Отличала покойного стальная воля и упорная настойчивость, «мужиковатость» во внешних манерах вместе с интеллектуальной тонкостью, конечно, никогда не переходящее в т. н. интеллигентское нытье. Цельность натуры плебея, каковым он был по происхождению и складу, но вместе с тем законченная и монолитная гражданская его фигура заставляли его с тяжестью в сердце и с активным негодованием относиться к тому позору и несчастью рабочего класса и социализма, когда во имя их победивший союз «взбунтовавшихся рабов», фанатиков и просто мошенников даже на тропе бывших деспотов остался тем же комплотом рабов, изуверов, хамов и шарлатанов, и отшвырнув от себя и раздавив все то честное и благородное, что по ошибке и заблуждению в октябре пошло вместе с ним, создал небывалый позор и распятие пролетариата и идеи социализма. 

Революционная деятельность Х. ограничивается не только Грузией. Он работал по всему Закавказью. Это он был, например, организатором и руководителем знаменитой Бакинской стачки 1914 г. перед войной. В 1915 году Х. был арестован в Тифлисе и последний раз был сослан в Сибирь, откуда он вернулся после революции 17 года. Не смотря на свое надорванное здоровье, он со свойственной ему кипучей энергией берется за обычную работу. Состоял членом президиума советских рабочих и солдатских депутатов, руководил крестьянскими советами, потом был членом Закавказского Сейма; впоследствии депутатом Грузинского Учредительного собрания. После восстановления независимости Грузии он избирается членом правительства с поручением ему трех портфелей: министра земледелия, путей сообщения и труда, а в первое время еще и ведомства продовольствия. 

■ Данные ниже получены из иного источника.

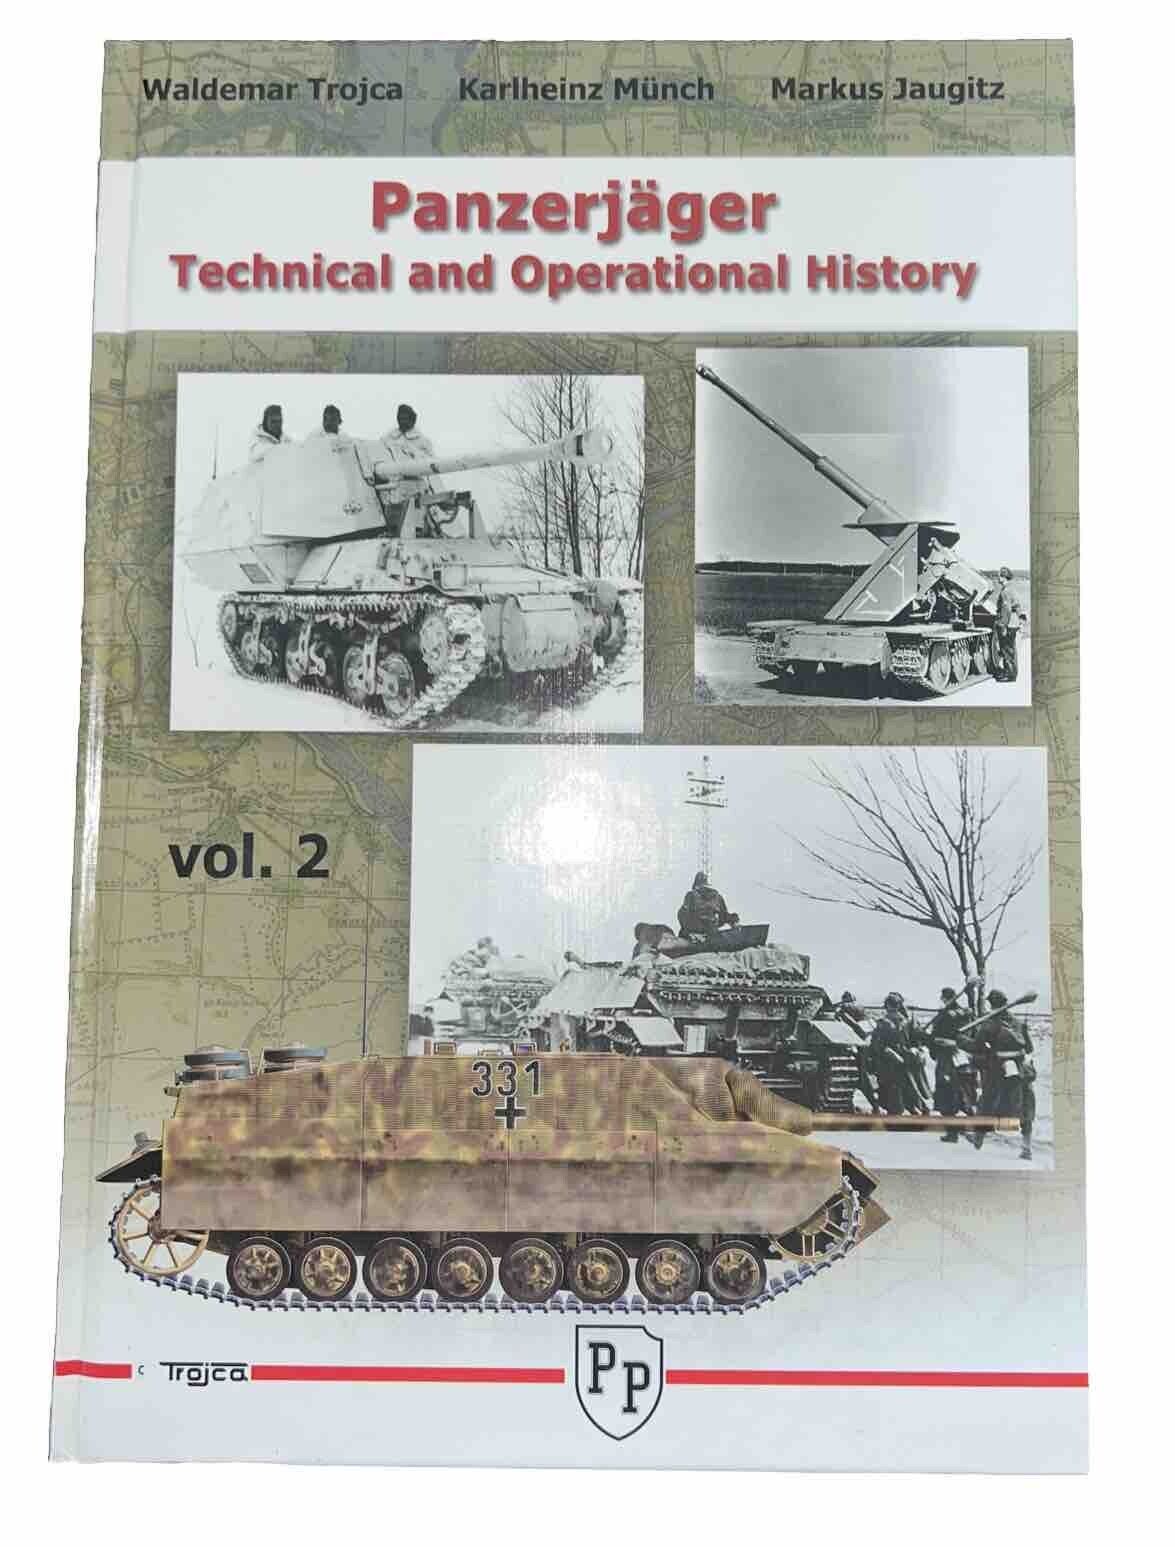 WW2 German Panzerjager Technical Operational History Vol 1 HC Reference Book

Х. является автором весьма радикальной аграрной реформы (экспроприация частновладельческих земель выше 7 десятиной нормы), и под его же личным руководством проведена сама реформа. На этой почве он сделался героем народных песен, как со стороны друзей, так и противников. Самая распространенная в Грузии народная песня, это «Хомерики мицас гвадзлевс» (Хомерики землю дает), переделанная из дворянско-помещичьей элегтческой песни «Хомерики мицас гвартмевс, Симоника гвасамартлебс» (Х. землю отнимает у нас, а Симоника судит). После расширения правительства Х. остается министром земледелия и путей сообщения. В конце 1920 г. он оставляет правительство и (после отъезда за границу Ир. Церетели и за ним А. Чхенкели) избирается лидером социал-демократической фракции Учредительного собрания Грузии. Несменный член раньше Об. Ком. Р. С. Д. Р. П., а потом ЦК Грузинской СДРП, и после завоевания Грузии в 1921 г. он с поручением правительства выезжает в Западную Европу, откуда возвращается в 1922 г. и ведет революционно-освободительную борьбу против террористической оккупации, состоя одновременно председателем ЦК партии и Комитета Независимости Грузии (контактная организация, состоящая из всех партий Грузии, кроме коммунистов, – четырех социалистических и одной буржуазно-демократической: социал-революционеров, социал-федералистов, независимых социал-демократов, социал-демократов и национал-демократов). Арестован в ноябре 1923 г. До августа месяца этого года он все время сидел в одиночном подвальном заключении оккупационной Чека; в первых числах августа его с четырьмя товарищами (Чхиквишвили, Пагава, Нодия и национал-демократ Цинамдзгваришвили) внезапно вывезли в Россию; поместили в Бутырках в отдельной изоляции, откуда им удалось снестись с эсеровскими цекистами (с бывшими заложниками с Гоцем и другими). В последних числах августа стало известно, что как будто их везут в Суздаль. 31-го августа состоялось постановление террористов-оккупантов об убийстве в порядке заложничества первой группы 24 (затем еще были опубликованы 2 списка в 20 и 8 человек) во главе с Хомерики. Где закланы упомянутые пять жертв – в Москве, Грузии или Суздале – еще не известно. 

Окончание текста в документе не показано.